I chatted with a couple of people both online and off today about my post here. Here are some of things that I combined said to all of them
- Back in the 1980s, everything in Saskatoon was closed on a Sunday except for Mac’s and 7-11. Even our local pharmacy wasn’t open until 1 on a Sunday leaving lots of time for 99% of the population time to go to church.
- As late as the 80s, Saskatoon only had one night of late night shopping and in our case, it was Thursday p.m. Except for police, fire, and doctors, most of the population worked 9-5. People who worked in bars and pubs worked later but as evangelicals we were pretty confident that they were going to hell anyways and we would go to hell if we talked to them while they were working. It was better just to pretend that they don’t exist. It was easy to take kids to kids club, go to Wednesday night prayer meeting and Tuesday night Bible study.
- Drive around Saskatoon some night. Take a look at what is open now. Almost every mall, department store, restaurant, and many professional businesses are open a lot later now than they were back in the 80s. This is good for jobs but it does make it a lot harder for other people.

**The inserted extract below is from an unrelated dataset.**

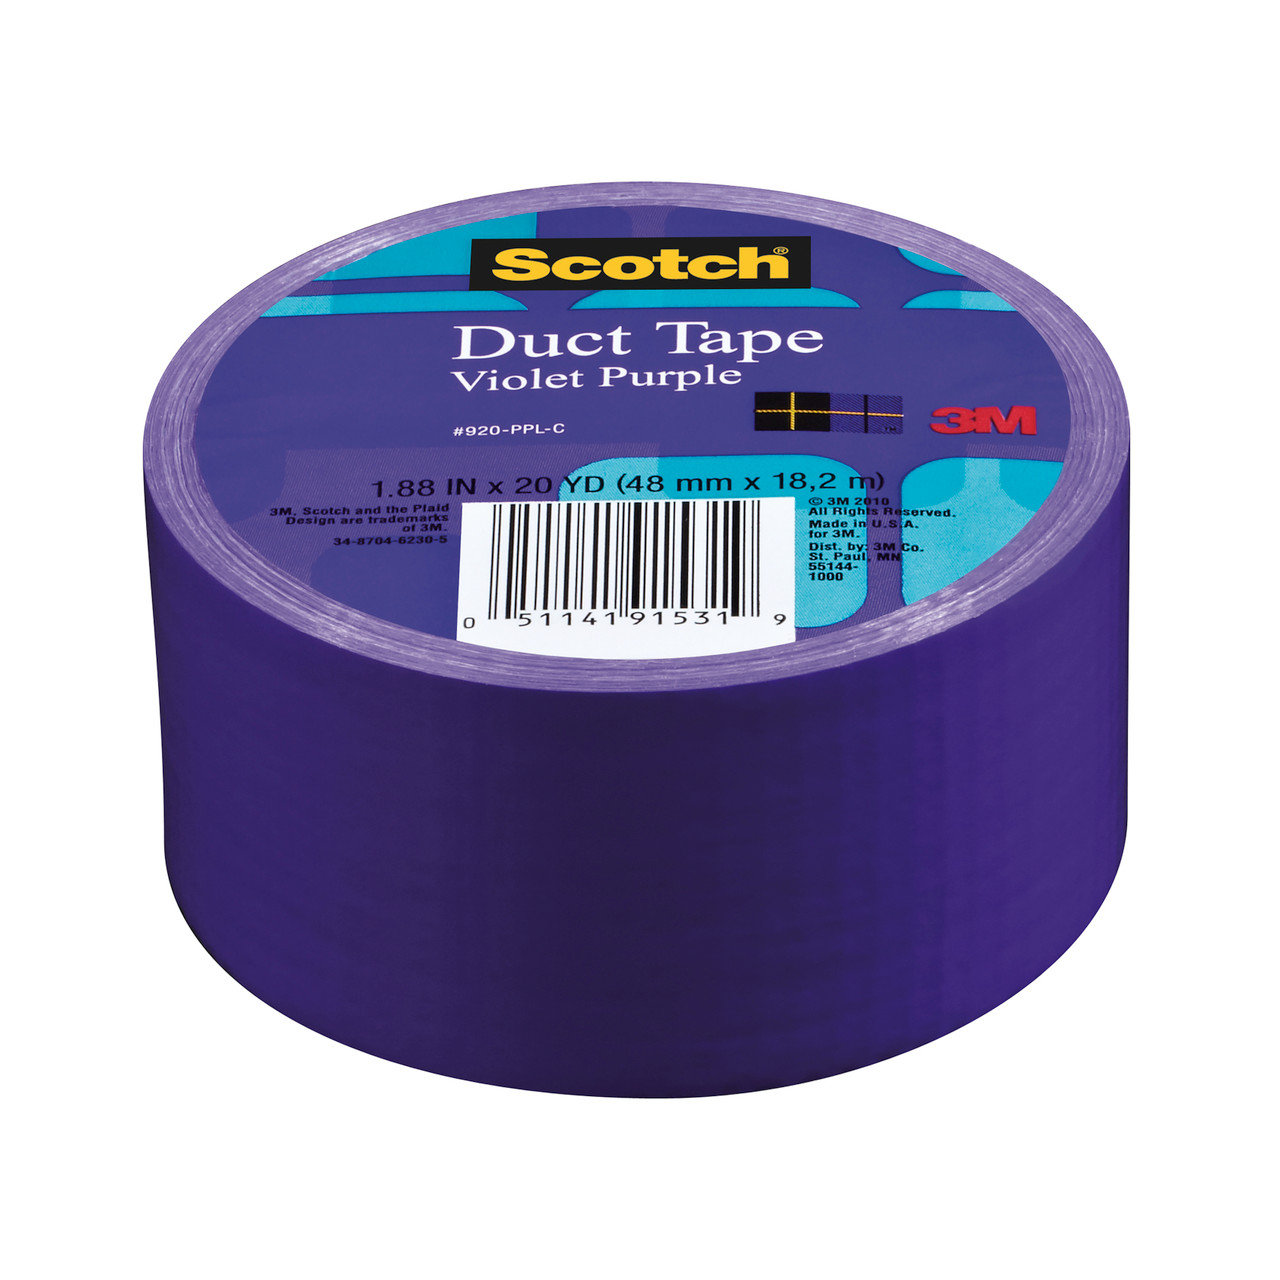 20 NEW Duct Tape Patterns!!!! 
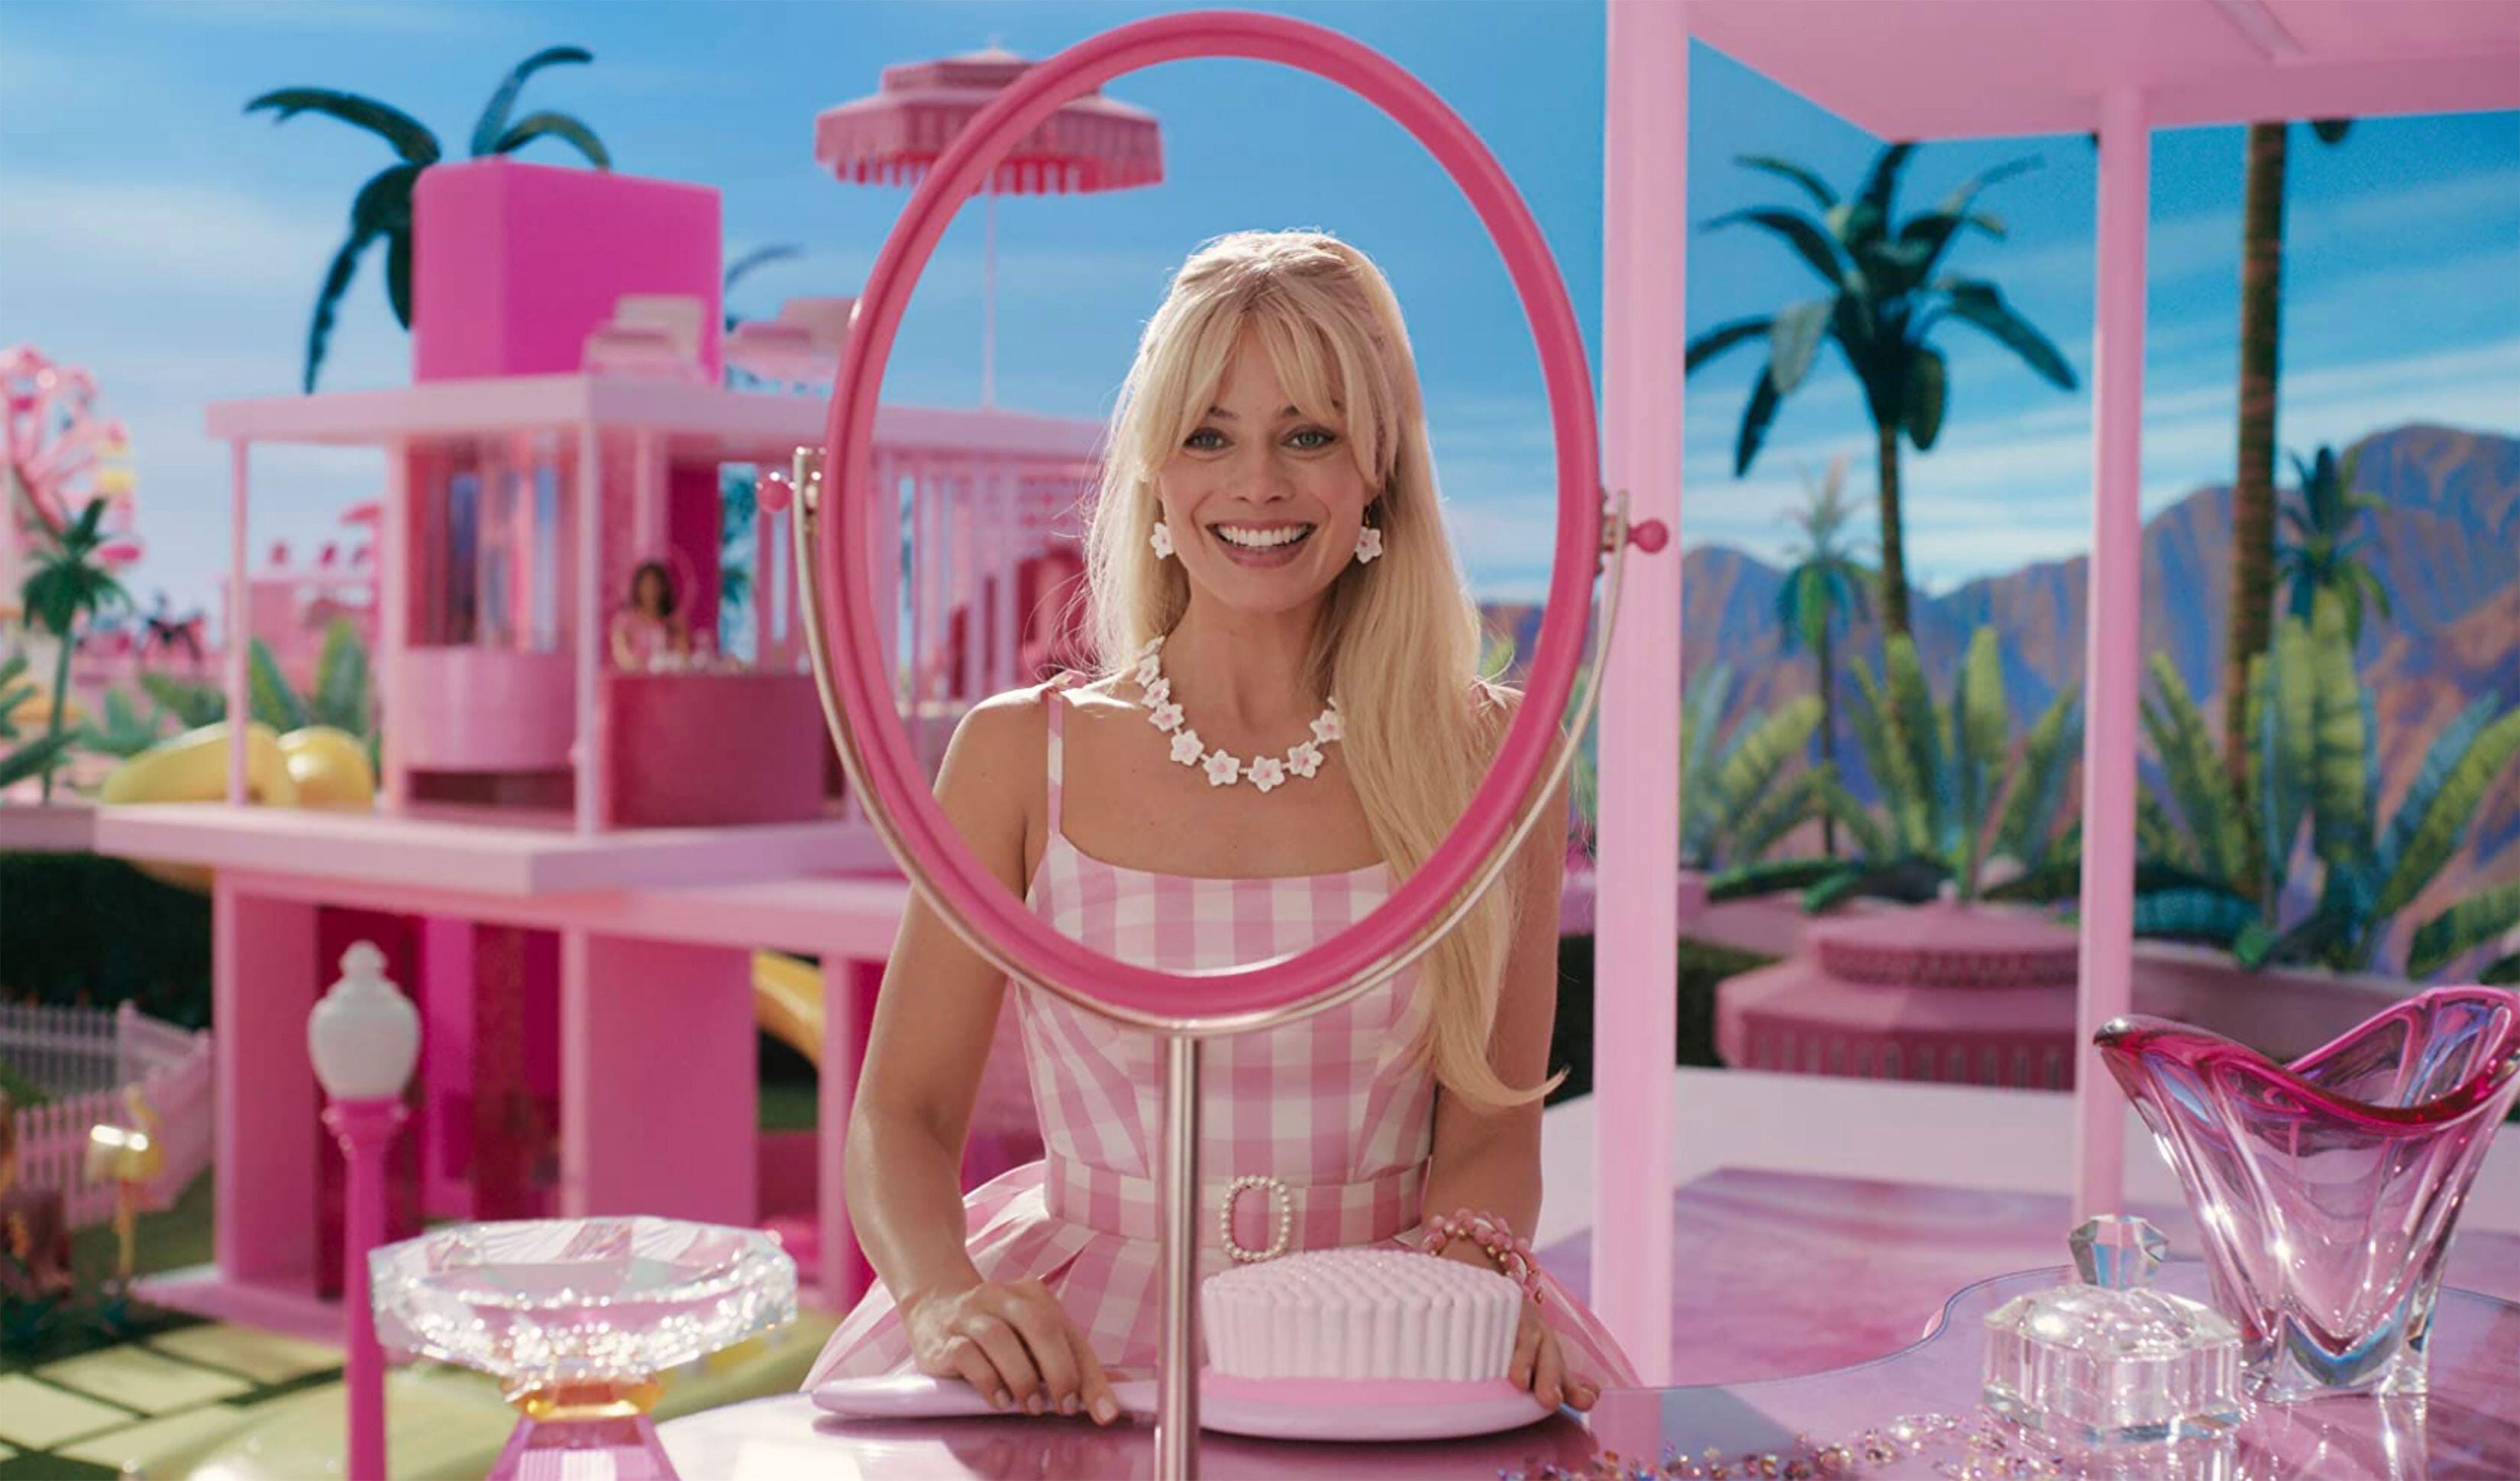 My Crazy Barbie Obsession Is Ruining My Life!

- Most church offices are open from 9-4:30 or 9-5 which gives pastors and staff time to go to church again in the evening.
- Drive around Saskatoon on Sunday after you are finished church. Almost everything is open. Restaurants, stores, malls, entertainment complexes… everything. Where and how are the people who are working those jobs going to connect to your church? Before you suggest a small group, I’ll remind you that Wendy and I have one free night together a week now and one night a week that we are together as a family. Is that to be dedicated to a small group and if it is, should it be a divorce recovery small group?
- I said to a couple of people today, when you look at your church schedule, ask yourself if there are places to connect for people who are working weekends or have two jobs to make ends meet.
- If there isn’t, have you thought of some online options for community? It isn’t hard to make a podcast using Google’s free Blogger service. Let people plug-in when they have time… coffee breaks, lunch time, on the drive home… whenever… Stephen Shields at Faithmaps has been building communities online with Yahoo! Groups for years and people can plug-in when the time works for them, early morning, late at night… whenever.
- The big question is one that Pete Ward asked in Liquid Church. Is your idea of church linked to your land and building? Can those that are not sitting in your pews have a chance to connect in a real way to your community?